Exercise directions: Exactly the lines from the one with "Visit our shop Argwings Arcade Kilimani" through the end of the material are to be output, both included, with no other text.

Source material:
Segment Open

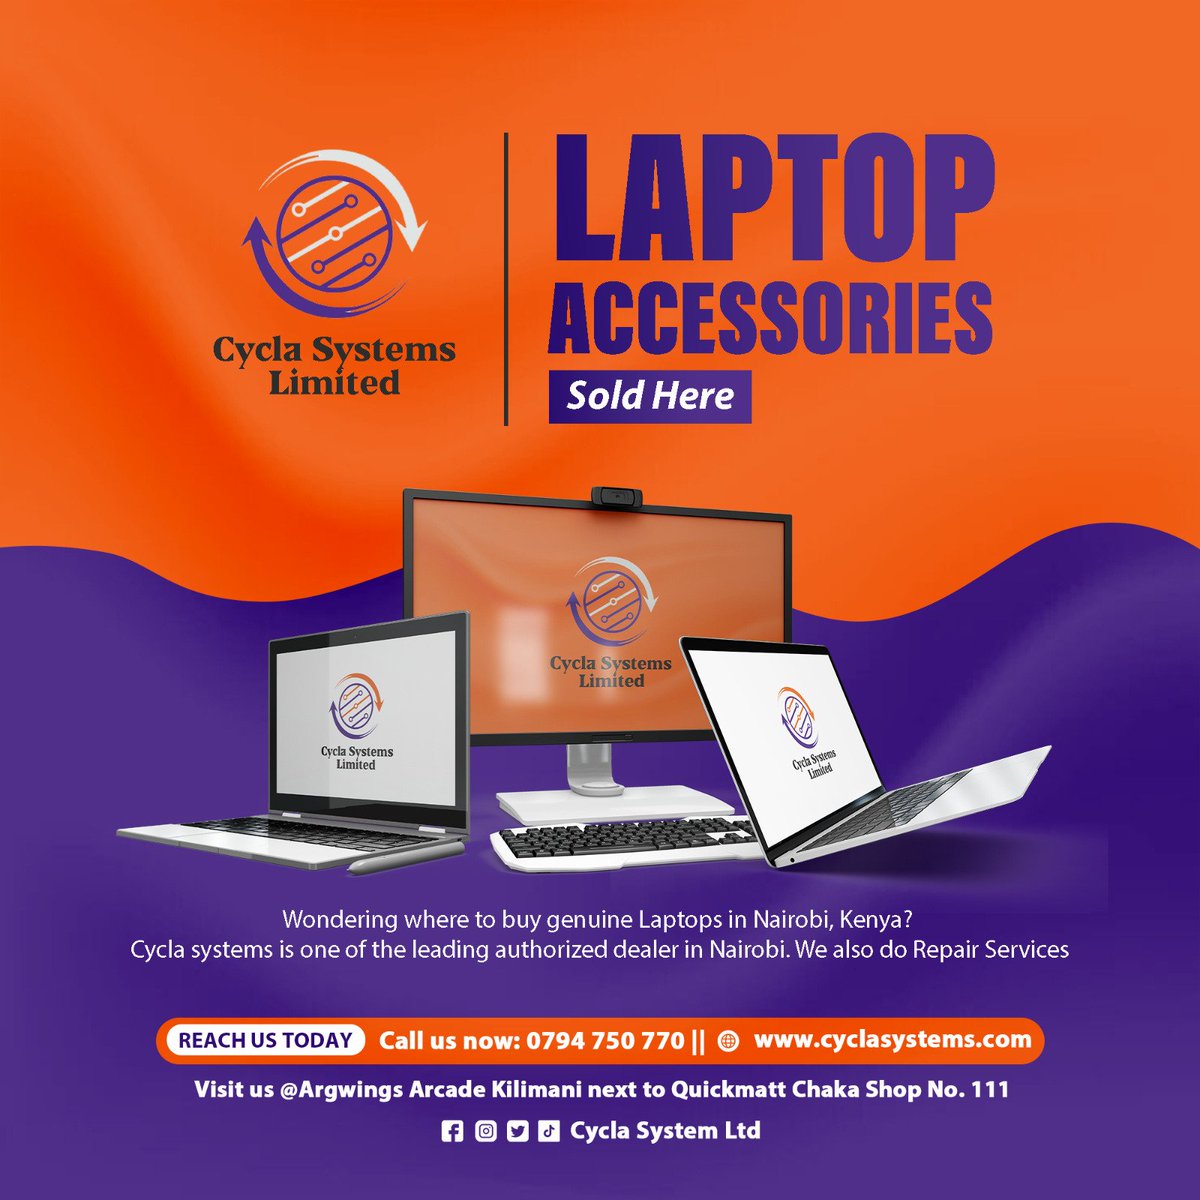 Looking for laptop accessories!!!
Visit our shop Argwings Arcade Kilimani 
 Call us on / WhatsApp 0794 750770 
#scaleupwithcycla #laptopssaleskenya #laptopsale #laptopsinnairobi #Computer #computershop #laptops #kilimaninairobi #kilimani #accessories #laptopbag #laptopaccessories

Segment Closed

Task output:
Visit our shop Argwings Arcade Kilimani 
 Call us on / WhatsApp 0794 750770 
#scaleupwithcycla #laptopssaleskenya #laptopsale #laptopsinnairobi #Computer #computershop #laptops #kilimaninairobi #kilimani #accessories #laptopbag #laptopaccessories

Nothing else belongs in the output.